▶ What this task involves
The answer must be only the lines below from the one holding "A Bathroom With" down to the one holding "Sonic The Hedgehog 2006 box cover", ends included, printed exactly; please omit all pictures.

★ ★ ★ ★ ★ ★ ★

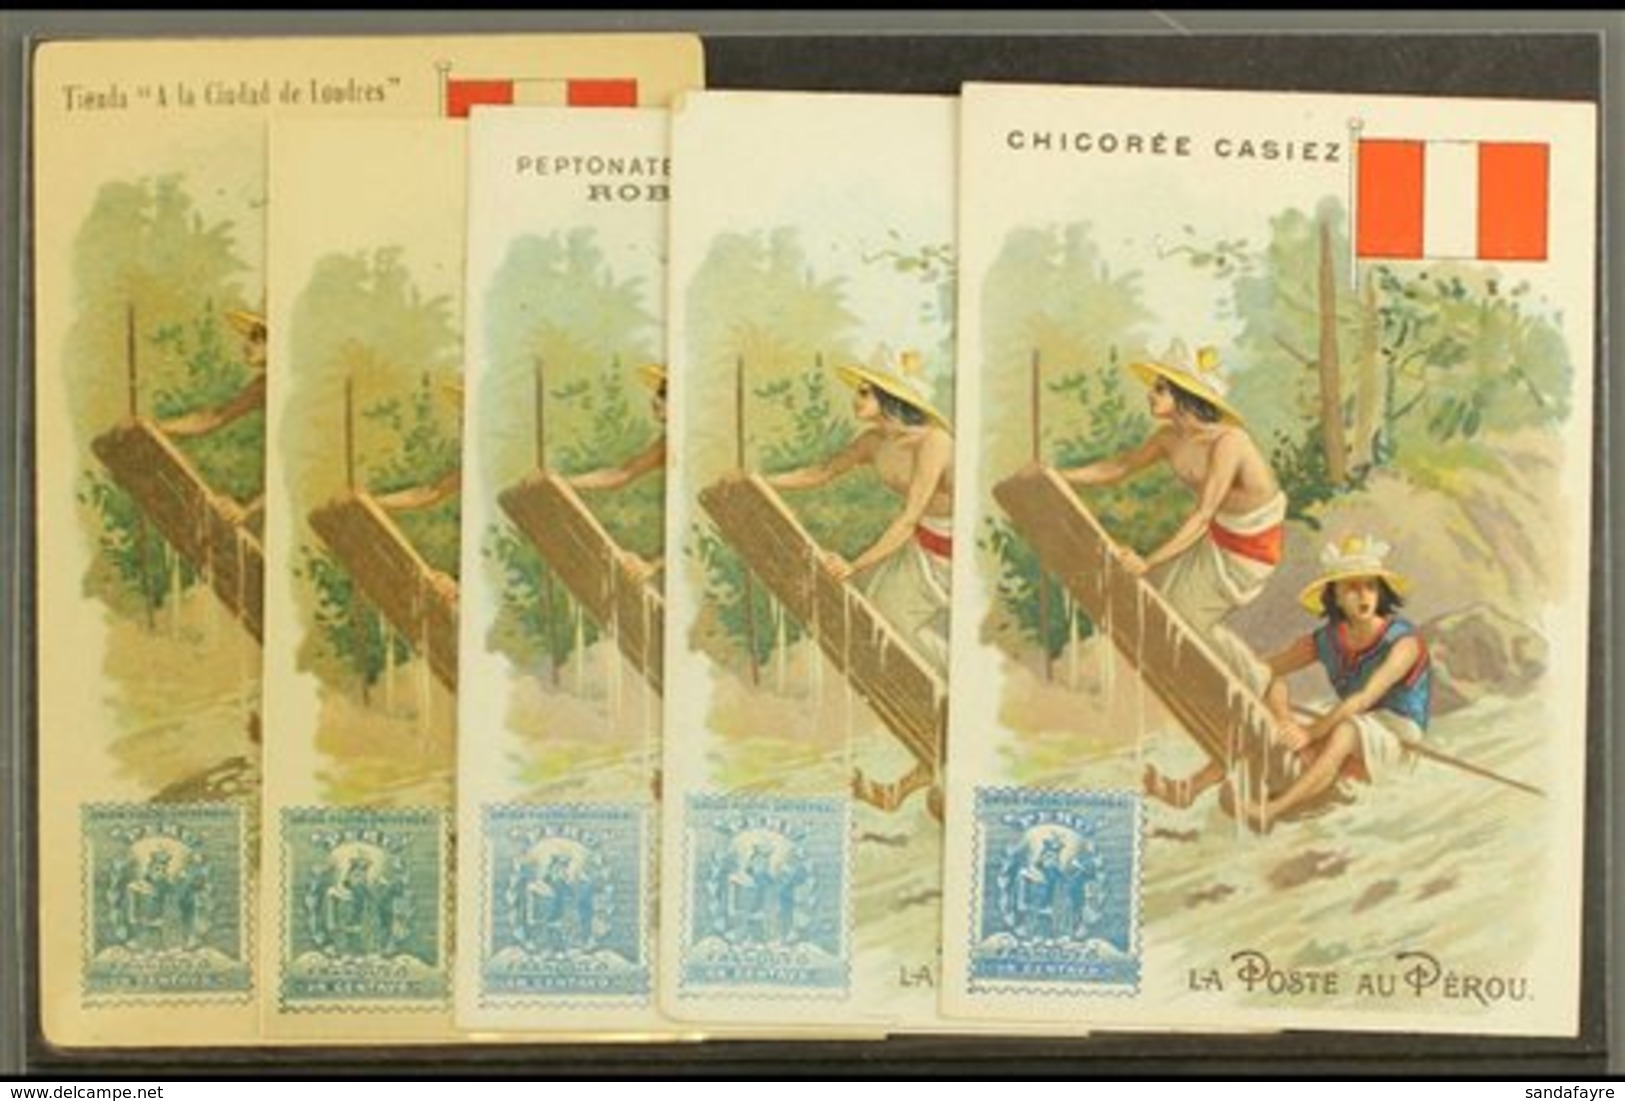 1908 Stamp Designs On Advertising Cards, ALL Different, Seldom Seen (5 Cards) For More Images, Please Visit Http://www.s - Pérou
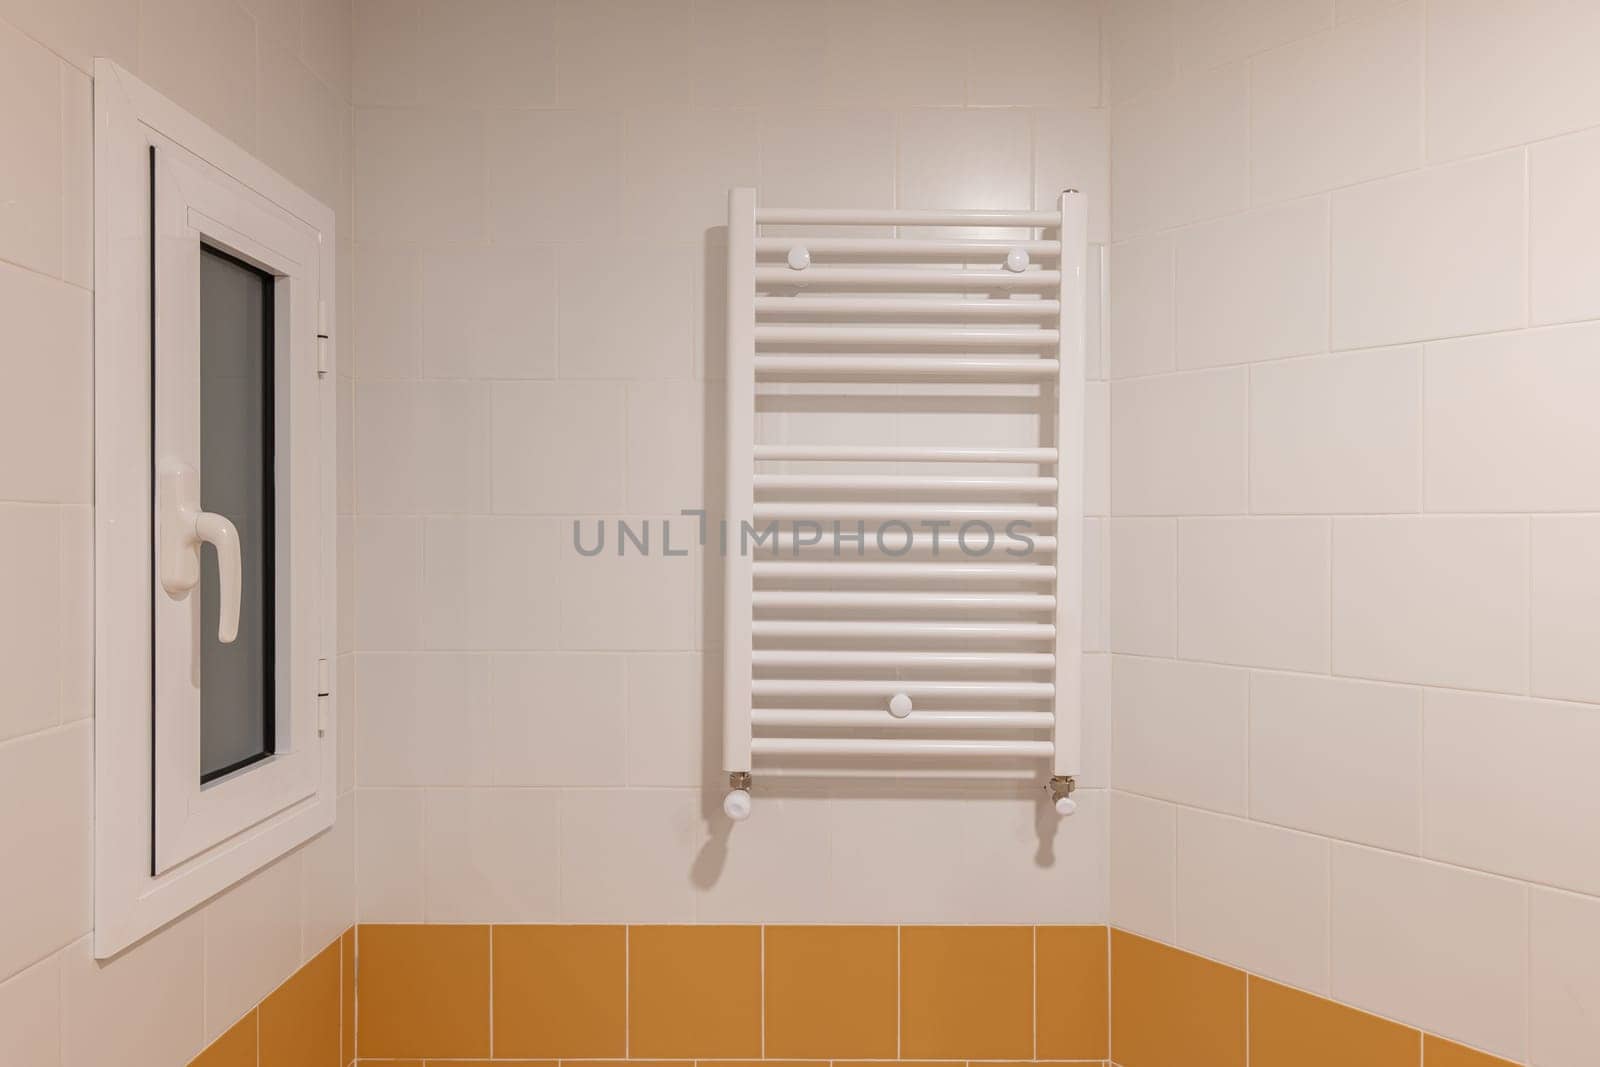 A Bathroom With Orange Tiles And A White Towel Rack by apavlin
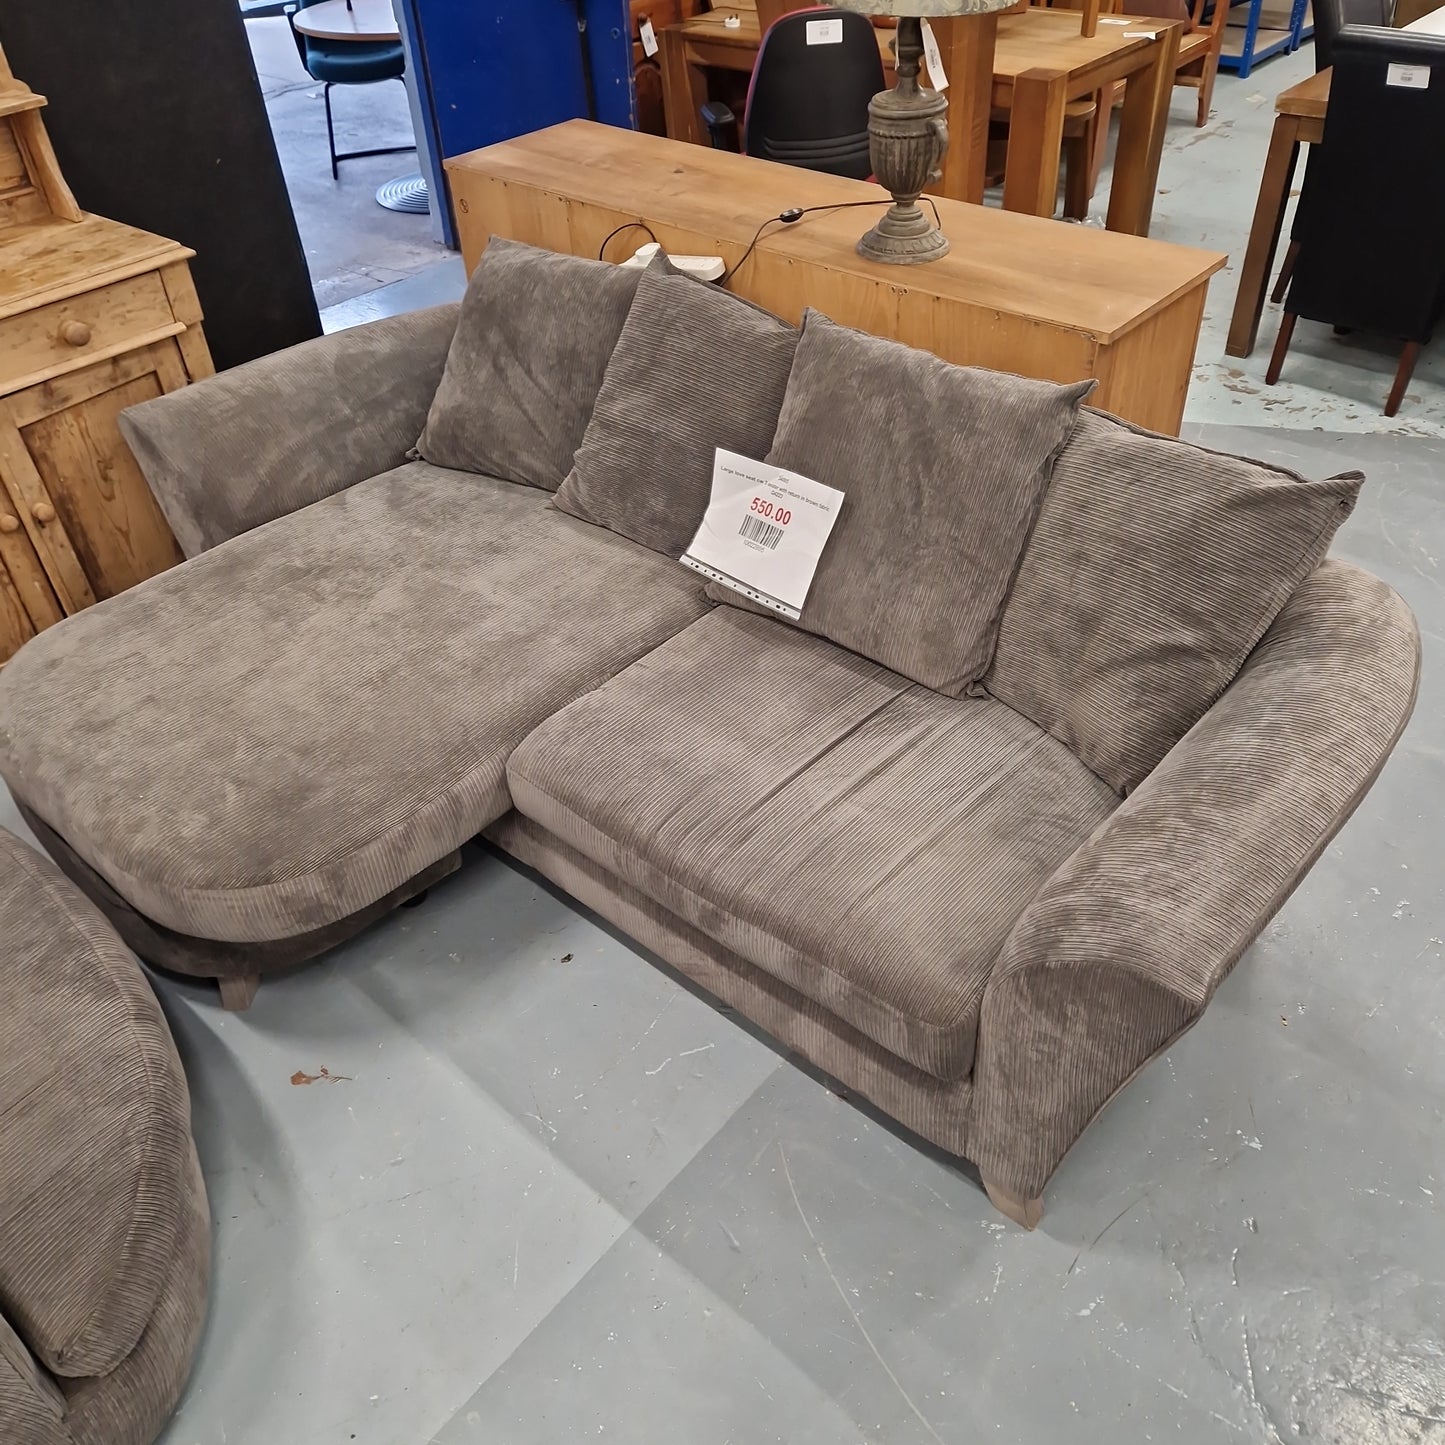 Large love seat cw 3 seater with return in brown fabric%A0 Q4223
WAS €550
NOW €475
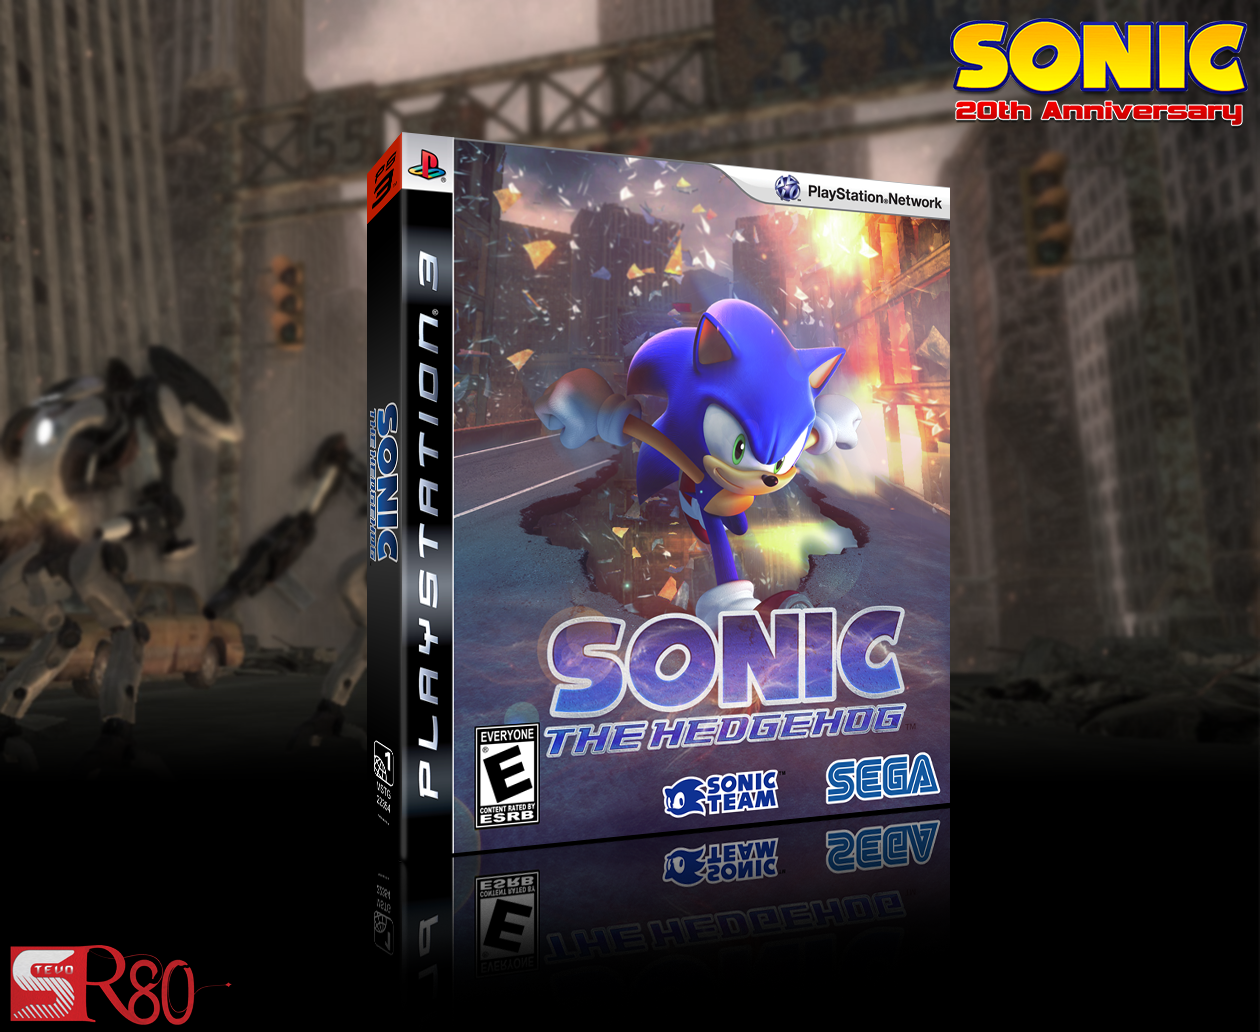 Sonic The Hedgehog 2006 box cover
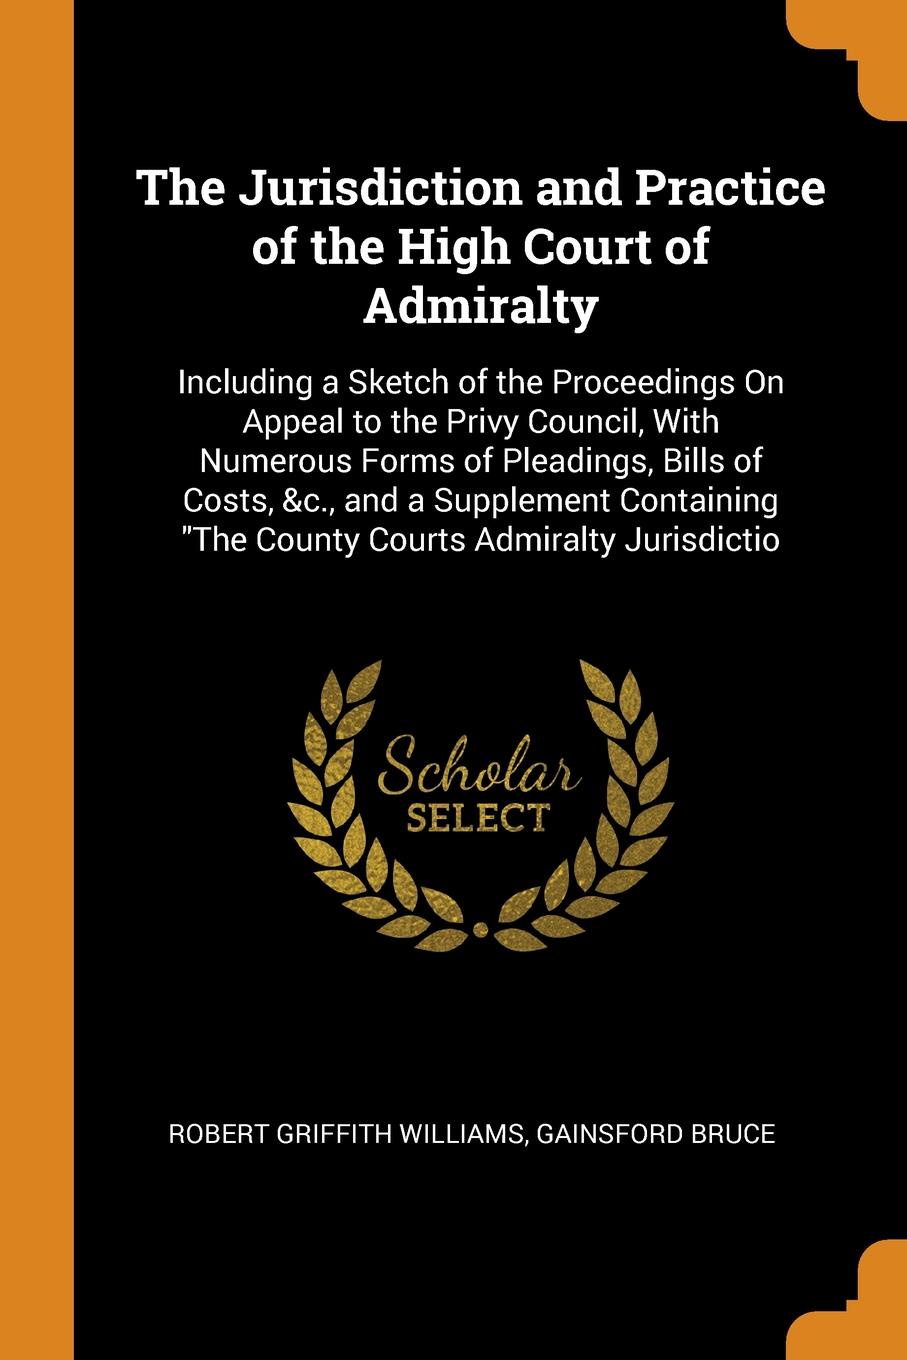 The Jurisdiction and Practice of the High Court of Admiralty. Including a Sketch of the Proceedings On Appeal to the Privy Council, With Numerous Forms of Pleadings, Bills of Costs, &c., and a Supplement Containing \

★ ★ ★ ★ ★ ★ ★

▶ Answer to the problem
 A Bathroom With Orange Tiles And A White Towel Rack by apavlin
 Large love seat cw 3 seater with return in brown fabric%A0 Q4223
WAS €550
NOW €475
 Sonic The Hedgehog 2006 box cover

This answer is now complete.